He begins with the instrument. With the tweezers of knowledge, he tells the sage, he has drawn out the thorn of thought lodged in the thorn of thought, the one discernment that removes all the others and then removes itself, leaving nothing stuck in him at all. It is a strange and exact image. The final knowing is not a new possession but the extraction of the last splinter, after which even the tweezers are set down, their work complete.

And from that unstuck place, the sweeping begins. Where now, he asks, is dharma and where is pleasure, where is wealth and where is discernment itself, where is duality and where even the longing for freedom, now that he rests in his own vastness? He is not saying these things were destroyed. He is saying they have lost their address in him, that once a person knows the ground they stand on, the old urgent categories simply have nowhere left to land. The question is not anxious. It is amazed.

He carries the vanishing outward through every dimension that once seemed to hold him. Where is the past and where the future, he wonders, where even the present moment as a thing to grip; where is space, and where is the eternal he once strained toward, now that he abides in his own greatness? The scaffolding of time and place that a self is usually pinned to has quietly come loose, not by force but by the plain fact of his resting in something none of it can contain.

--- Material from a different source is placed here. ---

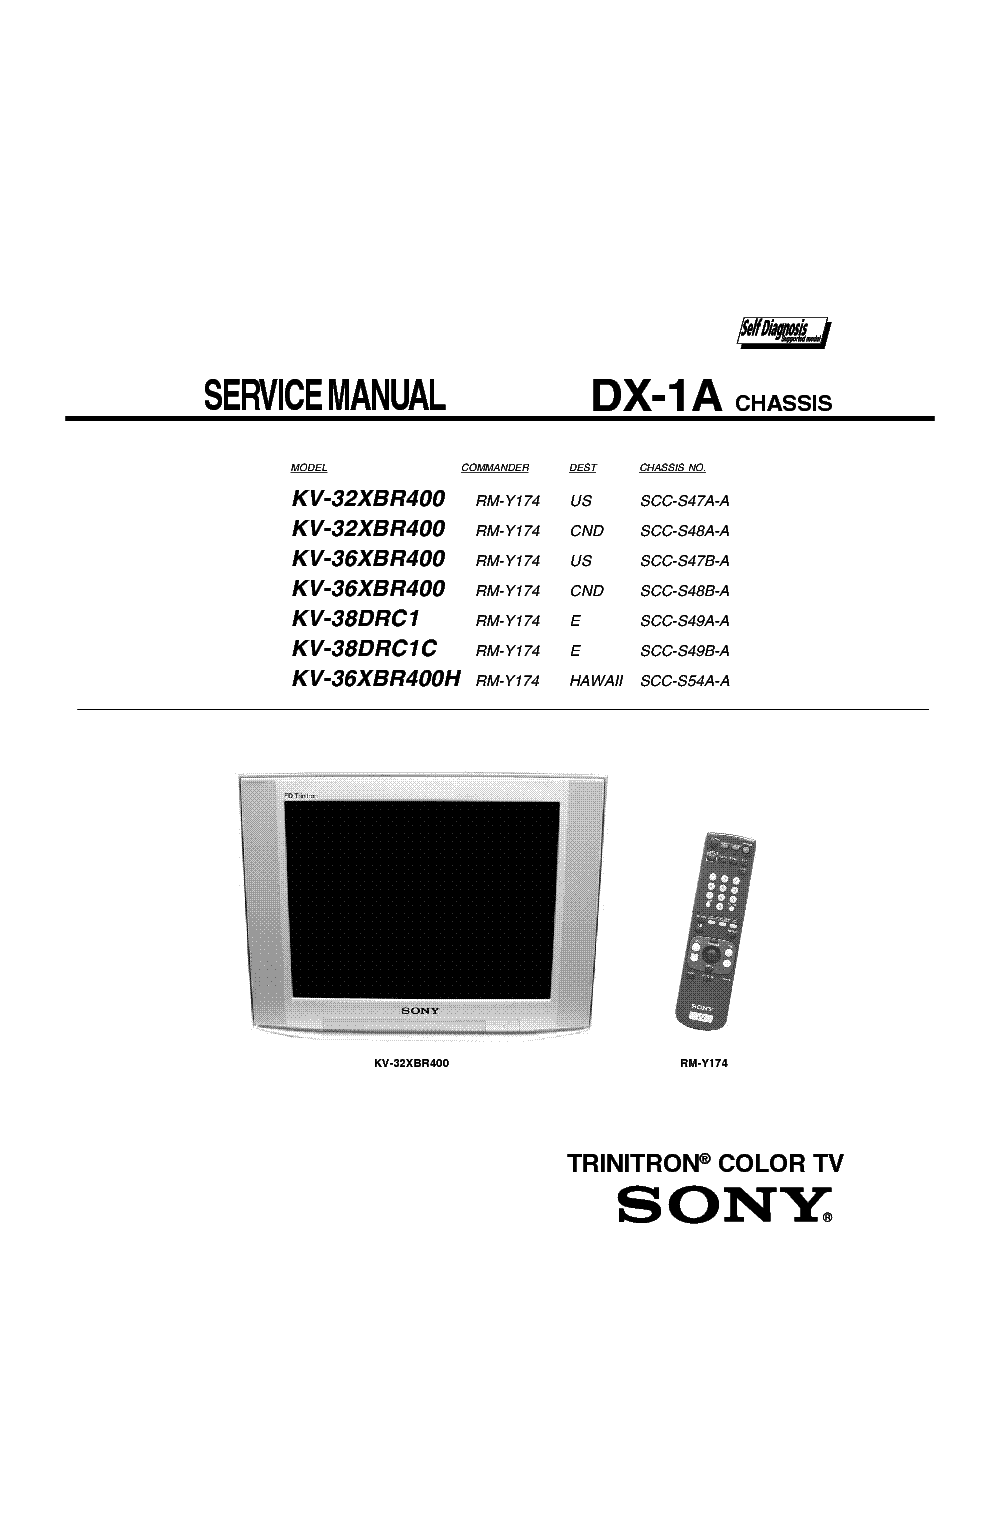 SONY KV32XBR400 36XBR400 38DRC1 CH DX1A SM service manual (1st page)

He turns the same amazed question on the very center of a life, the self that was supposed to be doing all this. Where is the Self and where the not-Self, he asks, where good and where evil, where worry, where even thought, now that he rests in his own glory? The one who used to stand in the middle sorting all of it, this is mine and that is not, this is good and that must be fought, has simply dissolved into the vastness it was always appearing within, and with it goes the whole exhausting labor of keeping the categories straight.

And so the king arrives at the still triumph the chapter is named for. There is no dreaming here and no deep sleep either, he says, no waking and no fourth state beyond them, no fear at all, now that he rests in his own majesty. Every framework has fallen away, and what is left is not empty but full, a person seated in the sheer fact of his own being with nothing over it and nothing left to reach for. That resting, that svamahima, is the coronation the whole dialogue has been moving toward.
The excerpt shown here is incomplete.